Violência domestica contra a mulher.

Muitas mulheres sofrem de violência, e muitas se calam, por medo ou talvez por amar seu parceiro, ou ate mesmo por achar que a situação vai mudar e que a relação um dia poderá ser feliz.
Mulheres não se calem diante desta situação deprimente !
A secretária divulgou que neste ano de 2011  que quatro em cada dez mulheres brasileiras já foram vítimas de violência doméstica.
43% das mulheres sofrem violência em casa no país.
Os números sobre a violência doméstica, por exemplo, são da Pesquisa Nacional por Amostra de Domicílios (Pnad) de 2009, feita pelo Instituto Brasileiro de Geografia e Estatística (IBGE). De acordo com a Pnad, 43,1% das mulheres já foram vítimas de violência em sua própria residência. Entre os homens, esse percentual é de 12,3%.
Ainda conforme a Pnad de 2009, de todas as vítimas agredidas no País, dentro e fora de casa, 25,9% foram agredidas por seus companheiros ou ex-companheiros. Dados da Secretaria de Políticas para as Mulheres apontam também que o número de chamados feitos pela Central de Atendimento à Mulher - Ligue 180 cresceu 16 vezes de 2006 para 2010.
Em 2006, foram feitos 46 mil atendimentos. No ano passado, o número pulou para 734 mil. Desse total, 108 mil foram denúncias de crimes contra a mulher e mais da metade eram casos de violência.

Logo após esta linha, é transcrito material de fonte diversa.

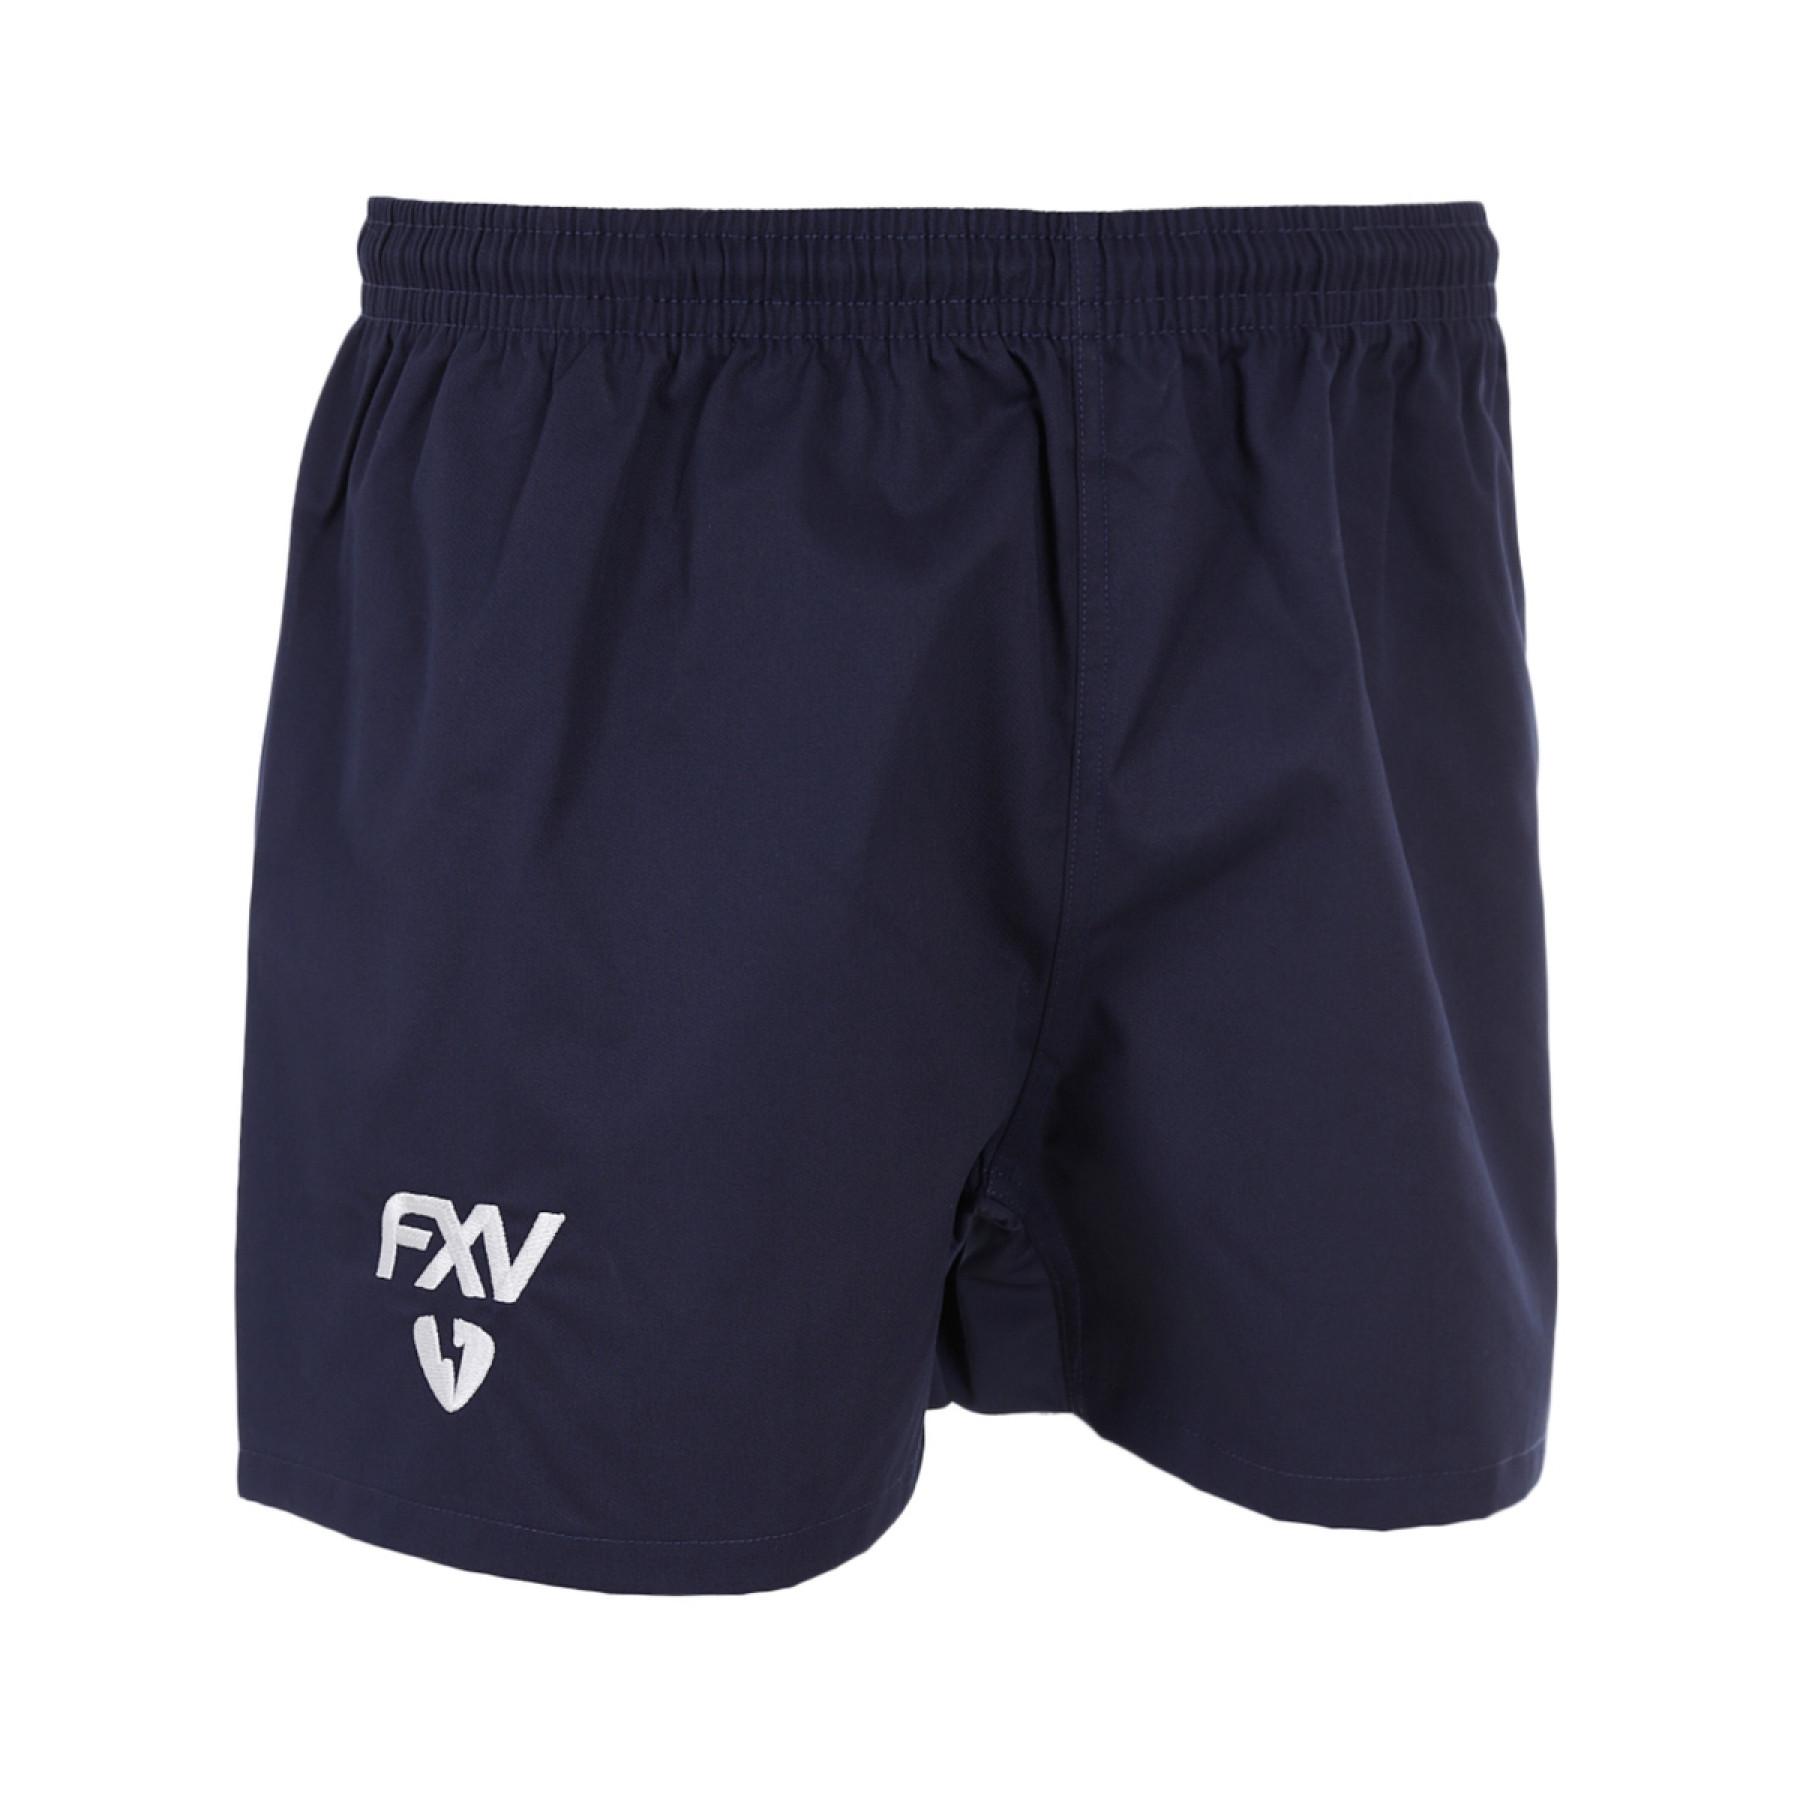 Pantaloncini Force XV pixy

Em defesa da mulher foi criada a lei Maria da penha.
( Saiba como e porque essa lei foi criada )

A Lei Maria da Penha (11.340/06) é considerada uma importante conquista no combate à violência doméstica e familiar contra as mulheres. Recebeu esse nome como forma de homenagear a pessoa símbolo dessa luta, Maria da Penha Fernandes, que sobreviveu a duas tentativas de homicídio por parte do ex-marido, ficou paraplégica, mas se engajou na luta pelos direitos da mulher e na busca pela punição dos culpados. No seu caso, a punição do marido agressor só veio 19 anos e 6 meses depois.
A lei triplicou a pena para agressões domésticas - a pena máxima foi de um para três anos. Antes da lei, o crime de violência doméstica era considerado de "menor potencial ofensivo" e julgado nos juizados especiais criminais junto com causas como briga de vizinho e acidente de trânsito.
A lei estipula a criação, pelos tribunais de Justiça dos estados e do Distrito Federal, de juizados especiais de Violência Doméstica e Familiar contra a Mulher para dar mais agilidade aos processos.
Além disso, as investigações são mais detalhadas do que antes, com depoimentos também de testemunhas.
A lei alterou o Código Penal e permitiu que agressores sejam presos em flagrante ou tenham a prisão preventiva decretada. Também acabou com as penas pecuniárias, aquelas em que o réu é condenado a pagar cestas básicas ou multas. Alterou ainda a Lei de Execuções Penais para permitir que o juiz determine o comparecimento obrigatório do agressor a programas de recuperação e reeducação.
A lei também trouxe uma série de medidas para proteger a mulher agredida, que está em situação de agressão ou cuja vida corre riscos. Entre elas, a saída do agressor de casa, a proteção dos filhos e o direito de a mulher reaver seus bens e cancelar procurações feitas em nome do agressor. A violência psicológica passa a ser caracterizada também como violência doméstica.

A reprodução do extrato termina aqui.